为叙述方便,后面我把darknet根目录用root代替。darknet项目从github下载完编译成功后会在root目录生成了darknet可执行文件,root/examples/darknet.c的main函数就是程序执行入口,根据传入的参数argv[1]与字符串比较进入run_detector函数,这个函数里面主要是解析我们传入的各项参数,诸如gpu、datacfg(数据配置文件)、cfg(网络结构文件)、weights(预训练权重文件)等参数。根据我们传入的‘train’参数进入train_detector函数
char *datacfg = argv[3];
char *cfg = argv[4];
char *weights = (argc > 5) ? argv[5] : 0;
char *filename = (argc > 6) ? argv[6]: 0;
if(0==strcmp(argv[2], "test")) test_detector(datacfg, cfg, weights, filename, thresh, hier_thresh, outfile, fullscreen);
else if(0==strcmp(argv[2], "train")) train_detector(datacfg, cfg, weights, gpus, ngpus, clear);
else if(0==strcmp(argv[2], "valid")) validate_detector(datacfg, cfg, weights, outfile);
else if(0==strcmp(argv[2], "valid2")) validate_detector_flip(datacfg, cfg, weights, outfile);
else if(0==strcmp(argv[2], "recall")) validate_detector_recall(cfg, weights);
else if(0==strcmp(argv[2], "demo")) {
list *options = read_data_cfg(datacfg);
int classes = option_find_int(options, "classes", 20);
char *name_list = option_find_str(options, "names", "data/names.list");
char **names = get_labels(name_list);
demo(cfg, weights, thresh, cam_index, filename, names, classes, frame_skip, prefix, avg, hier_thresh, width, height, fps, fullscreen);
}
模型训练概览
train_detector里包含了模型训练的所有步骤,包括:解析cfg网络结构文件、加载预训练模型、多线程加载数据、模型训练(前向计算、反向传播、参数更新)、模型保存。

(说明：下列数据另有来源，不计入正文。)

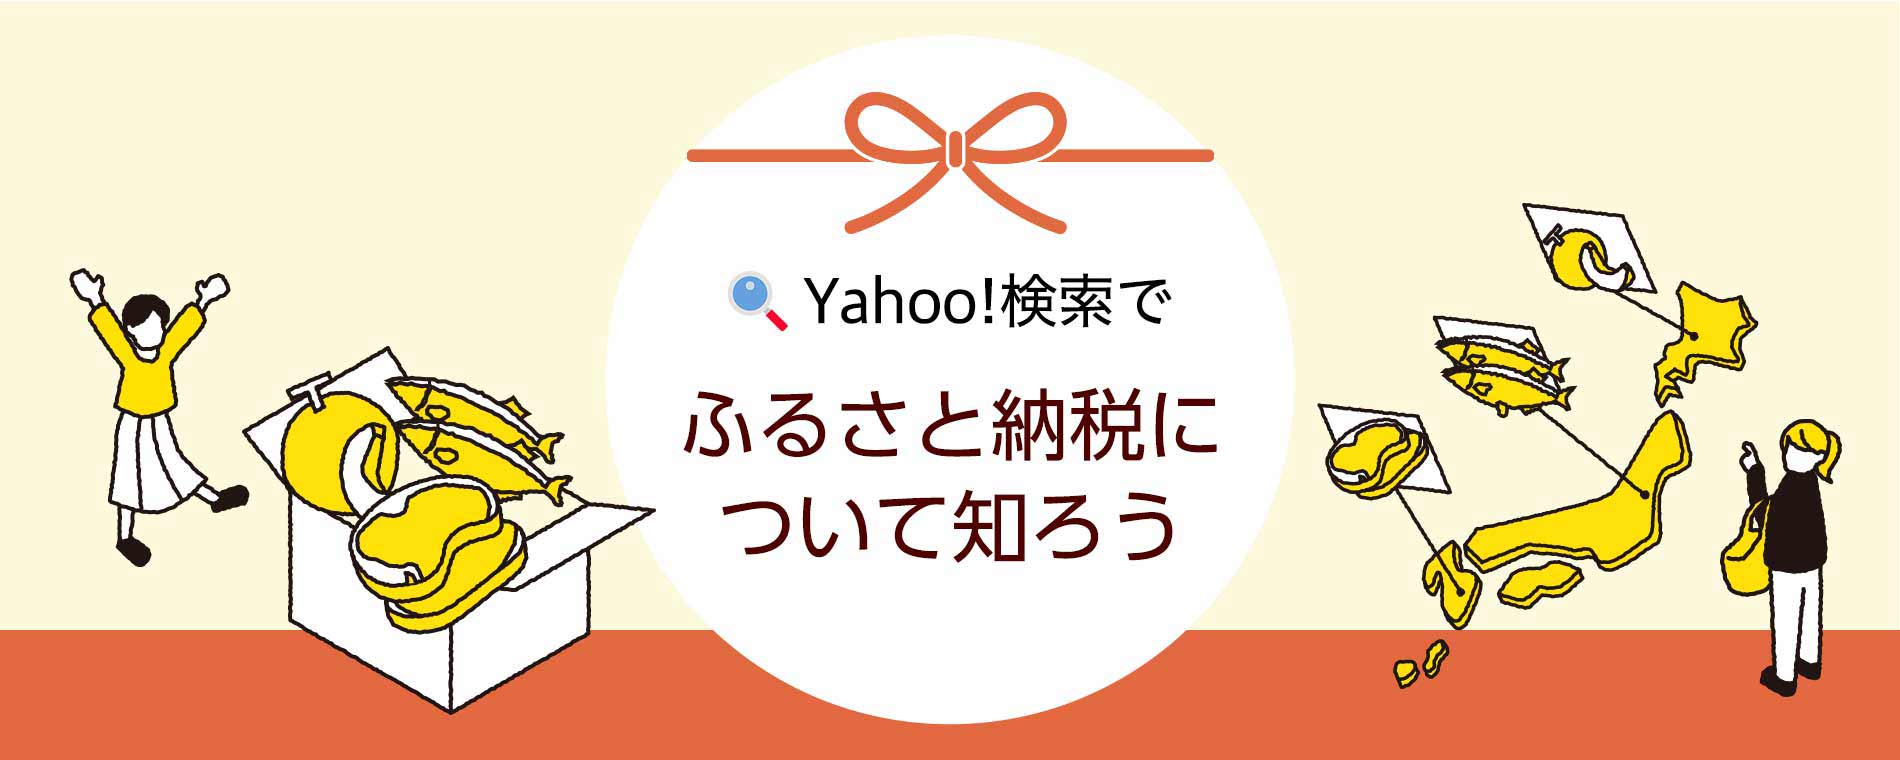 Yahoo!検索でふるさと納税の仕組みが簡単に分かる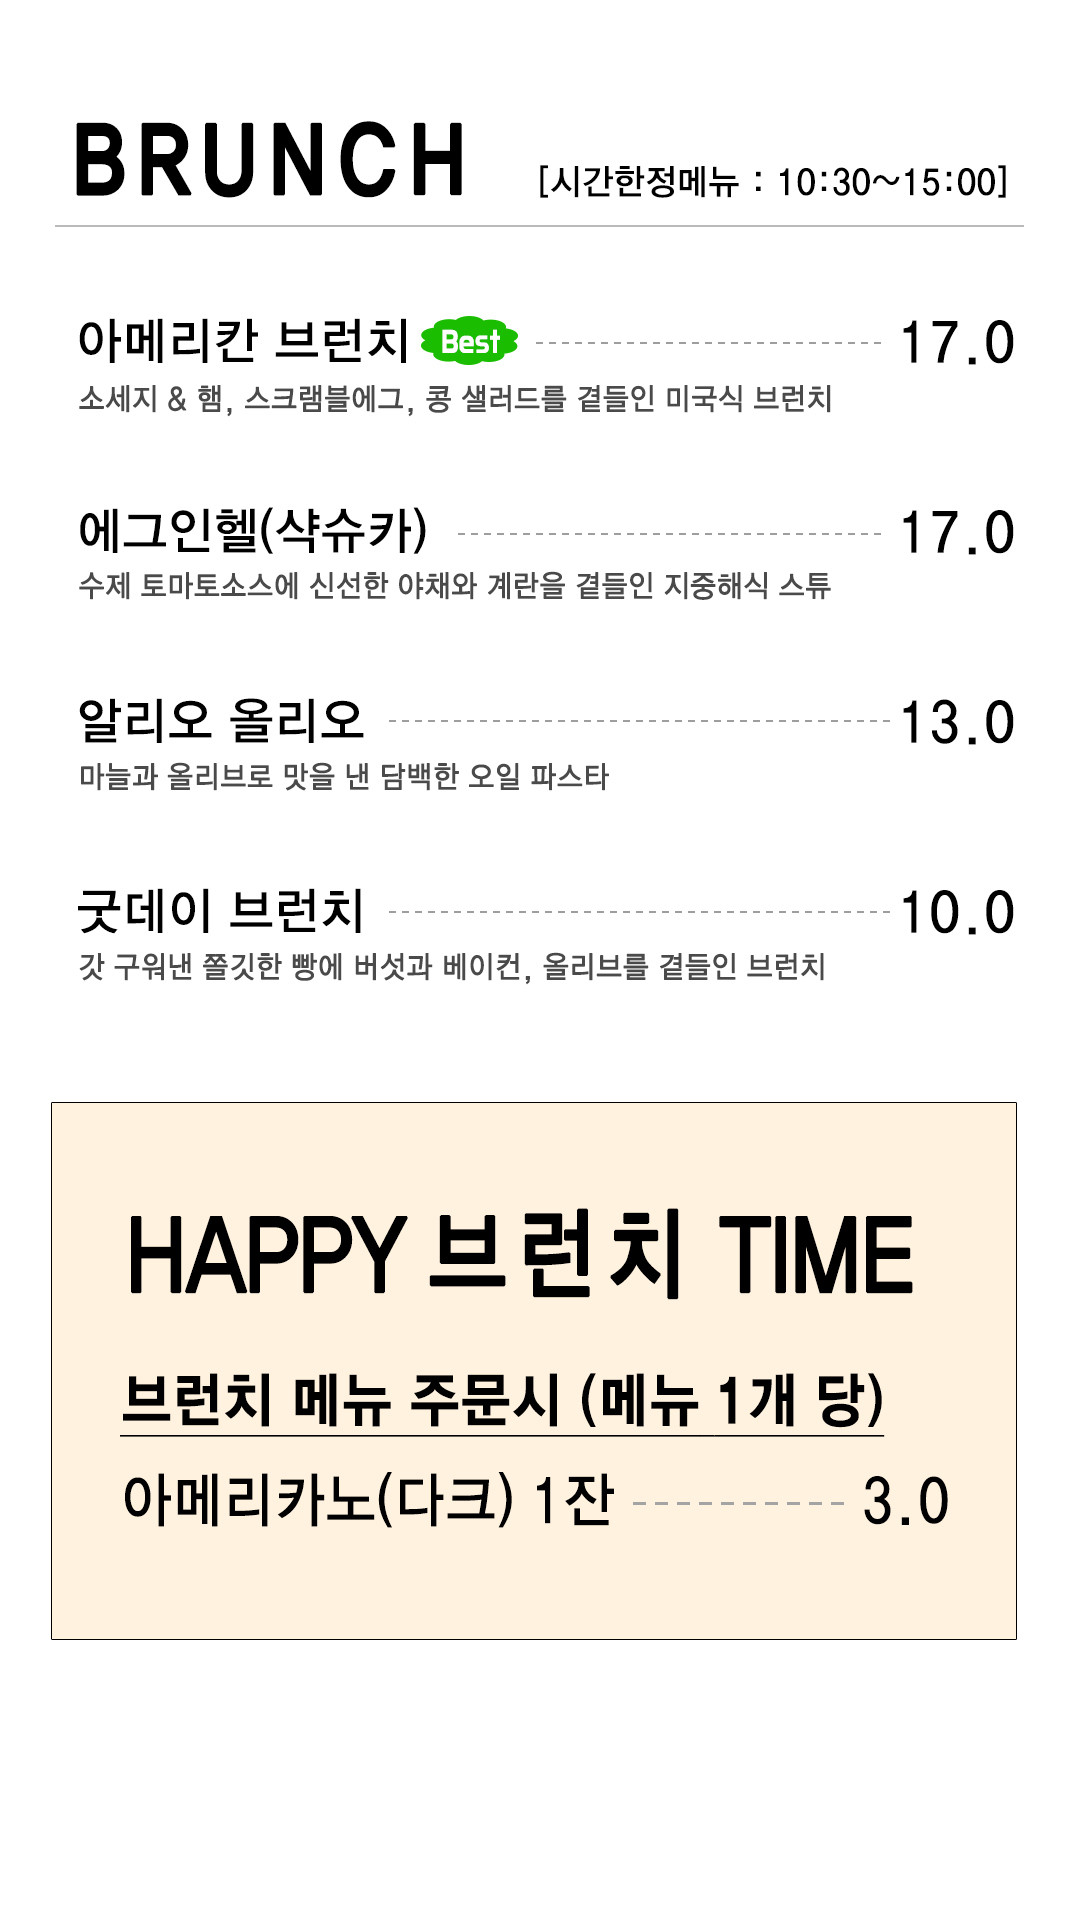 김포 양촌 복합문화공간 대형 브런치 베이커리 카페 55갤런

void train_detector(char *datacfg, char *cfgfile, char *weightfile, int *gpus, int ngpus, int clear)
{
list *options = read_data_cfg(datacfg);//解析数据配置文件
char *train_images = option_find_str(options, "train", "data/train.list");//获取训练数据目录
char *backup_directory = option_find_str(options, "backup", "/backup/");//获取模型保存目录
srand(time(0));
char *base = basecfg(cfgfile);
printf("%s\n", base);
float avg_loss = -1;
network **nets = calloc(ngpus, sizeof(network));
srand(time(0));
int seed = rand();
int i;
//多gpu训练,这个我没用过,我用单gpu训练,因此只迭代一次
for(i = 0; i < ngpus; ++i){
srand(seed);
#ifdef GPU
cuda_set_device(gpus[i]);//设置训练时选用那块gpu
#endif
//解析cfg文件创建网络结构,如果weightfile不为NULL,就用这个预训练权重文件初始化网络模型参数
nets[i] = load_network(cfgfile, weightfile, clear);
nets[i]->learning_rate *= ngpus;
}
srand(time(0));
network *net = nets[0];
//这里有个概念需要弄清楚,训练的batchsize和参数更新的batchsize不等同,考虑到gpu显存不够,
//比如每次只加载32张图片进行前向计算得到loss,重复这个过程8次并把8次的loss相加进行一次反向
//传播并更新模型权重。这个过程等同于一次加载256张图片进行训练。这里的net->batch就是举例的32
//net->subdivisions相当于举例的8,我的gpu只用了1块,所以ngpus=1
int imgs = net->batch * net->subdivisions * ngpus;
printf("Learning Rate: %g, Momentum: %g, Decay: %g\n", net->learning_rate, net->momentum, net->decay);
data train, buffer;
layer l = net->layers[net->n - 1];//取出最后一层(检测层)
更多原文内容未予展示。